DAWN.COM

Today's Paper | December 23, 2024

Published 24 Aug, 2007 12:00am

KARACHI: A shot in the arm for Karachi theatre

KARACHI, Aug 23: Existential angst, unrequited love and forgotten hope are some of the themes running through ‘Habib Mamoon,’ which opens today (Friday) for public viewing at the Karachi Arts Council.

Adapted into Urdu by Zahida Zaidi from Russian playwright Anton Chekhov’s play ‘Uncle Vanya,’ the play has been set in the pre-second world war period and given the subcontinent’s feudal backdrop.

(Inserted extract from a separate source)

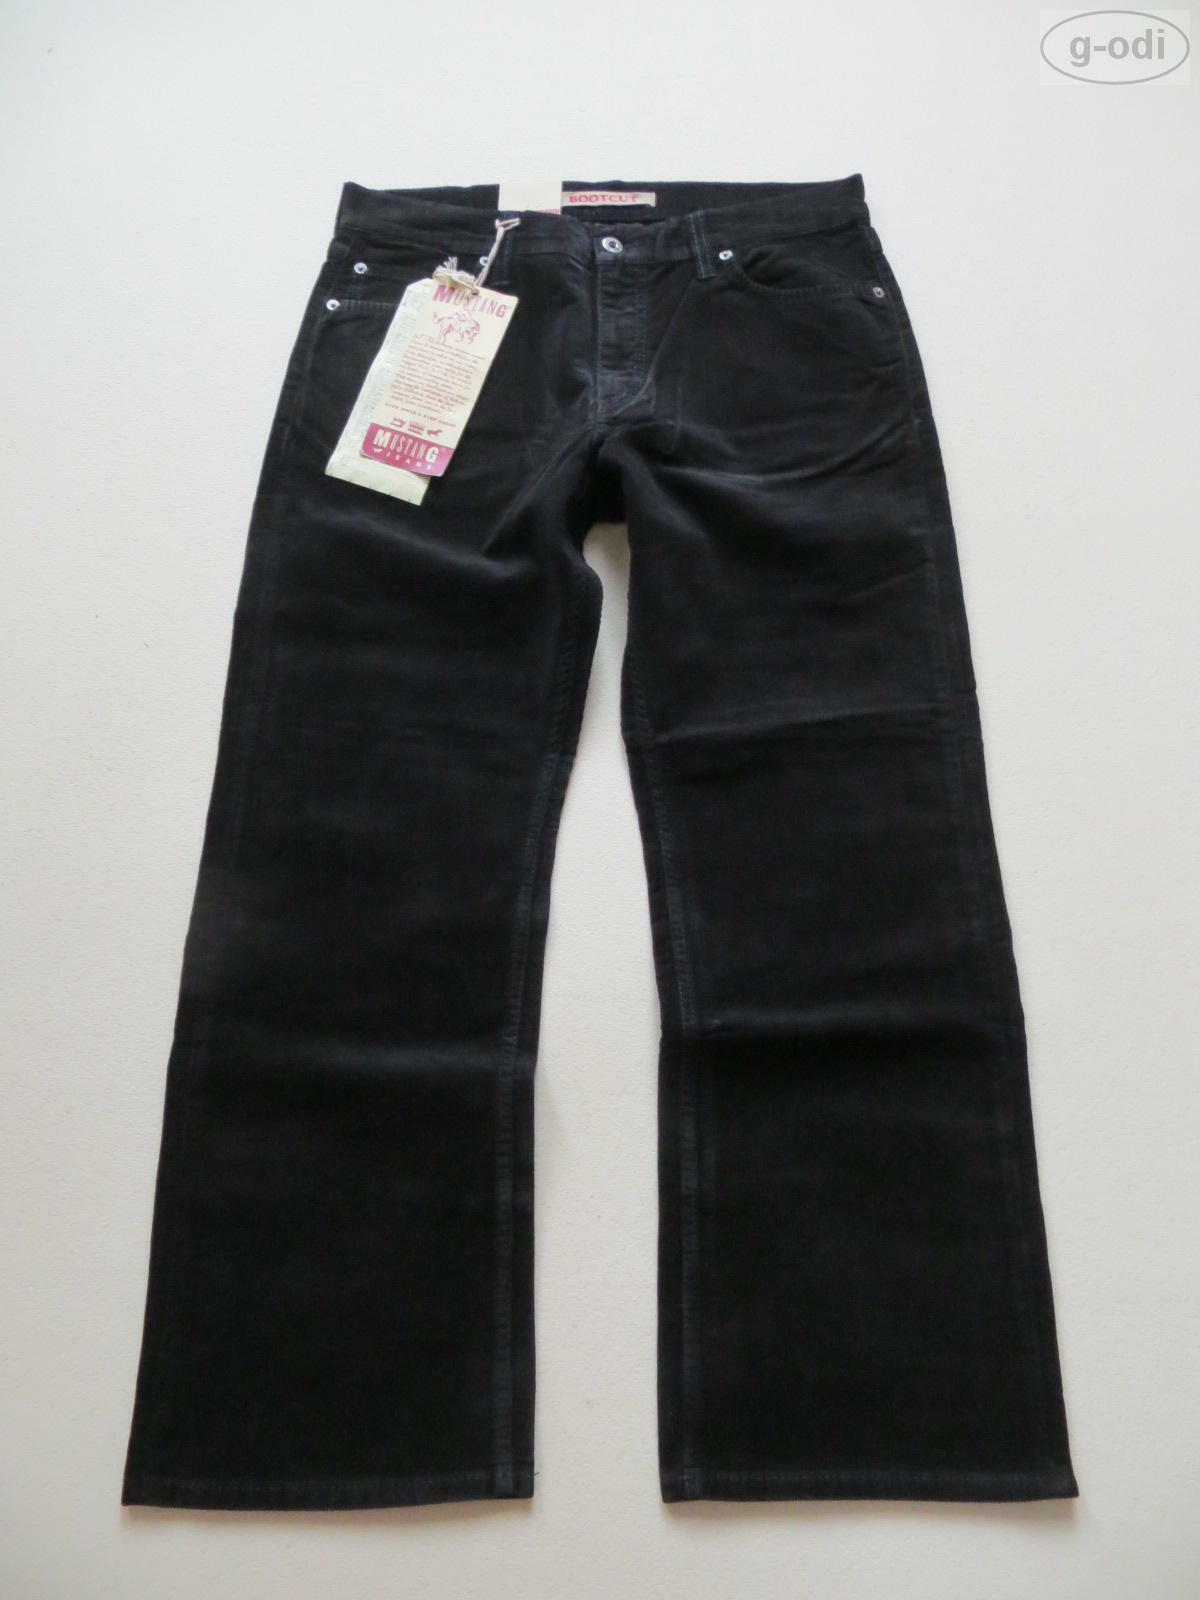 Mustang Stiefelcut Cord Jeans Hose W 34  L 30 schwarz NEU   Stretch Cordhose RAR

Presented by veteran impresario Zia Mohyeddin, the star studded cast includes Talat Hussain, Rahat Kazmi and Arshad Mahmud, who are also faculty members of the National Academy of Performing Arts (NAPA). Television actors Zaheen Tahira, Nyla Jaffry and Jahanara Hai, NAPA faculty member Anjum Ayaz and NAPA student Aymen Ali complete the eight member troupe.

In a special press preview held on Thursday evening, the melancholic mood of Chekhov’s play lost nothing in translation. Mr Hussain’s performance of the sarcastic and woeful protagonist Habib Mamoon was the highlight of the evening. His exquisite dialogue delivery and gestures almost overshadowed the other acts.

There’s no one theme to the play. As in a painting, different people will find different views in the same picture. The one subject underlining the pain of all characters is the feeling of a life spent unfulfilled and without purpose or direction.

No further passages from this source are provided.